EXERCISE DESCRIPTION:
What you give must be the lines from the one containing "Crystal Butterfly Tooth Gem - SmileGems" through the last line of the listing below, exactly, with nothing else and no pictures.

SUPPLIED INFORMATION:

-*-

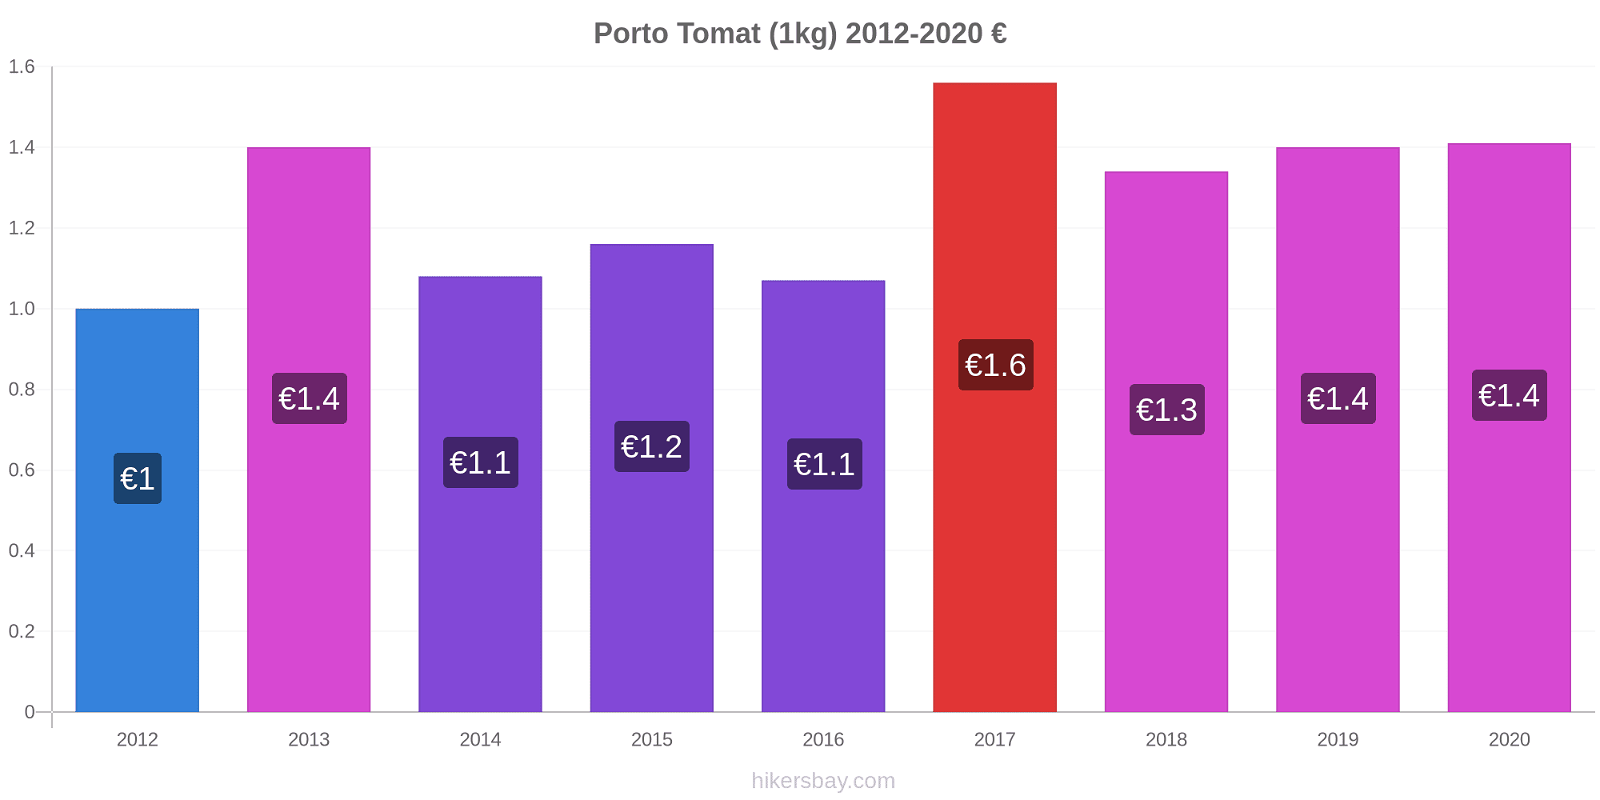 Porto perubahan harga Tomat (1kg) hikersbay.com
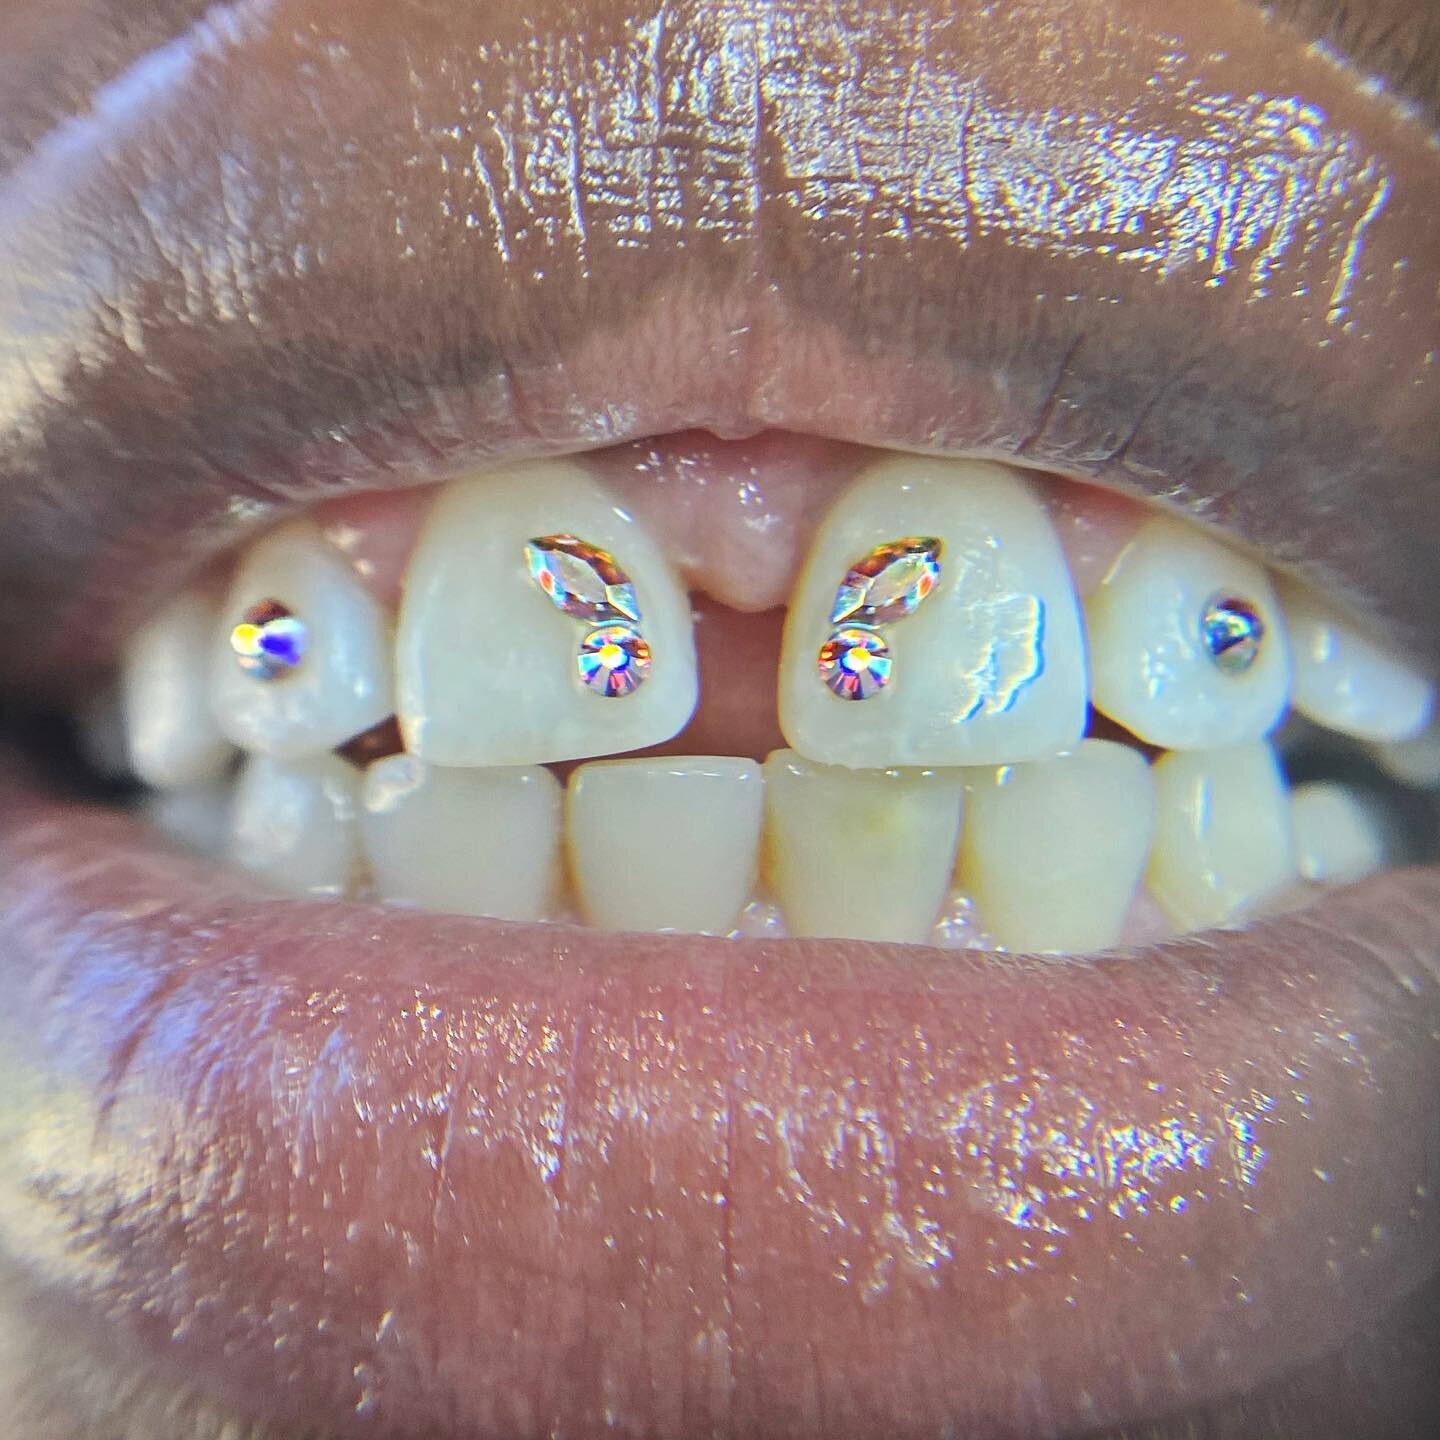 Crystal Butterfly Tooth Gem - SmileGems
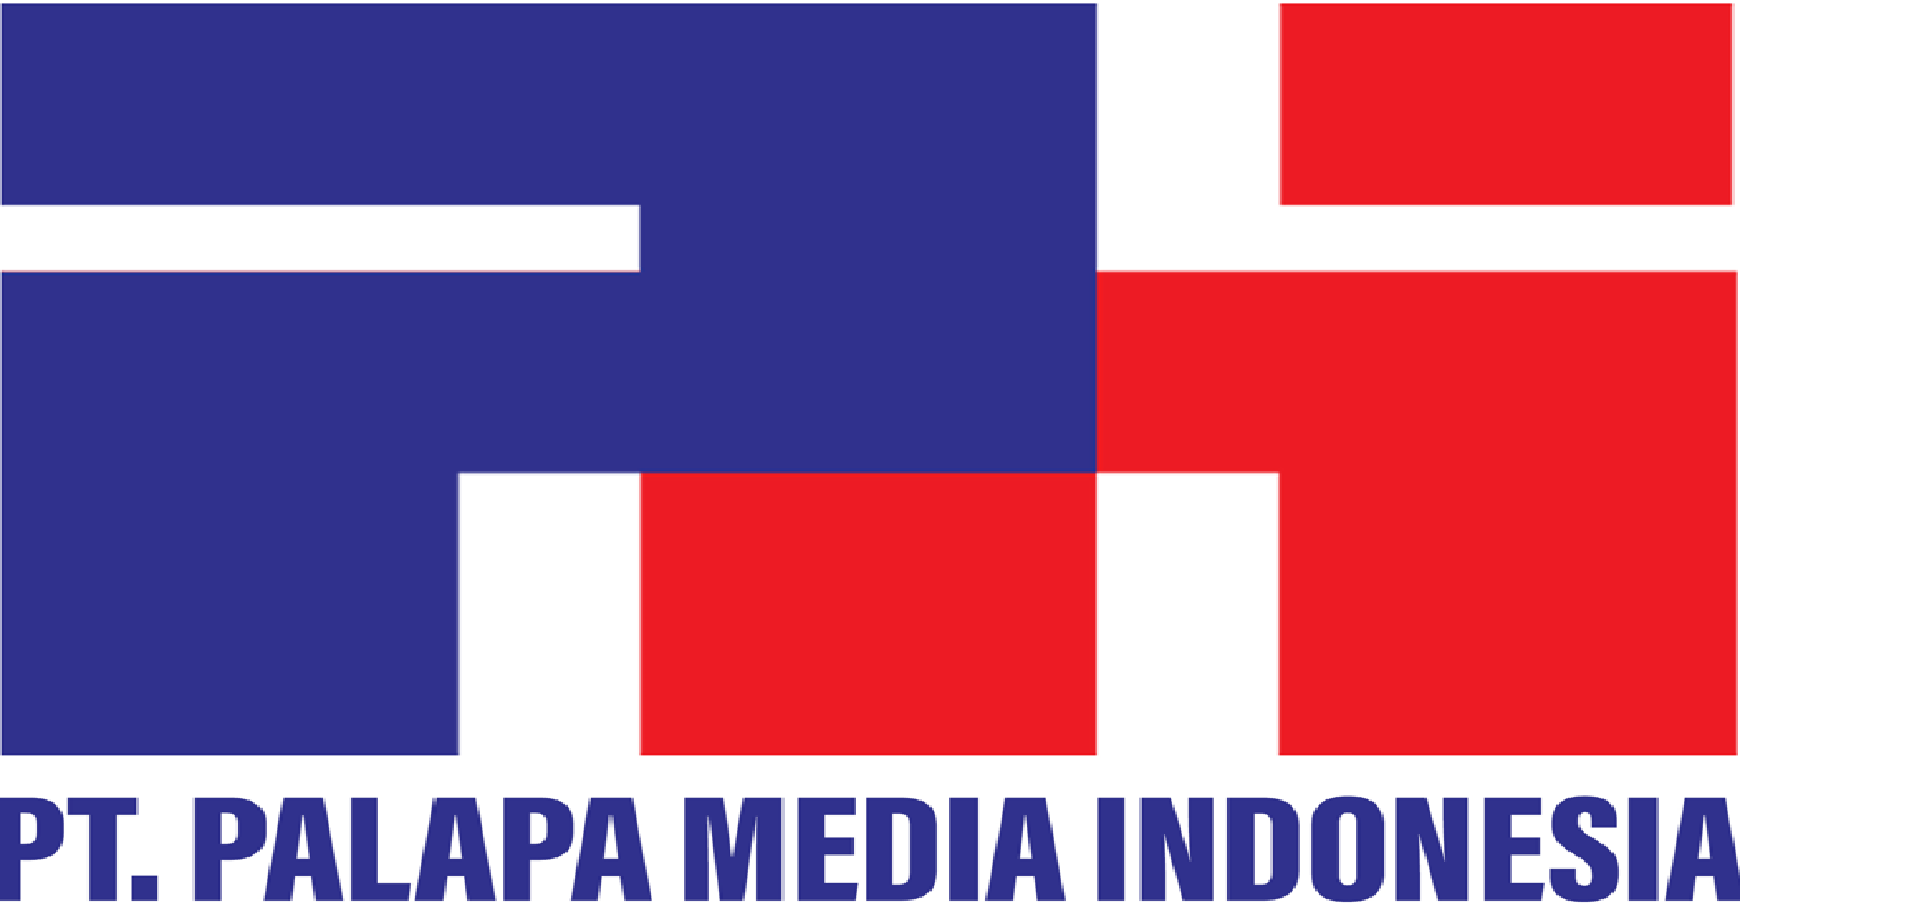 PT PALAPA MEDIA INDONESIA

-*-

EXPECTED ANSWER:
 Crystal Butterfly Tooth Gem - SmileGems
 PT PALAPA MEDIA INDONESIA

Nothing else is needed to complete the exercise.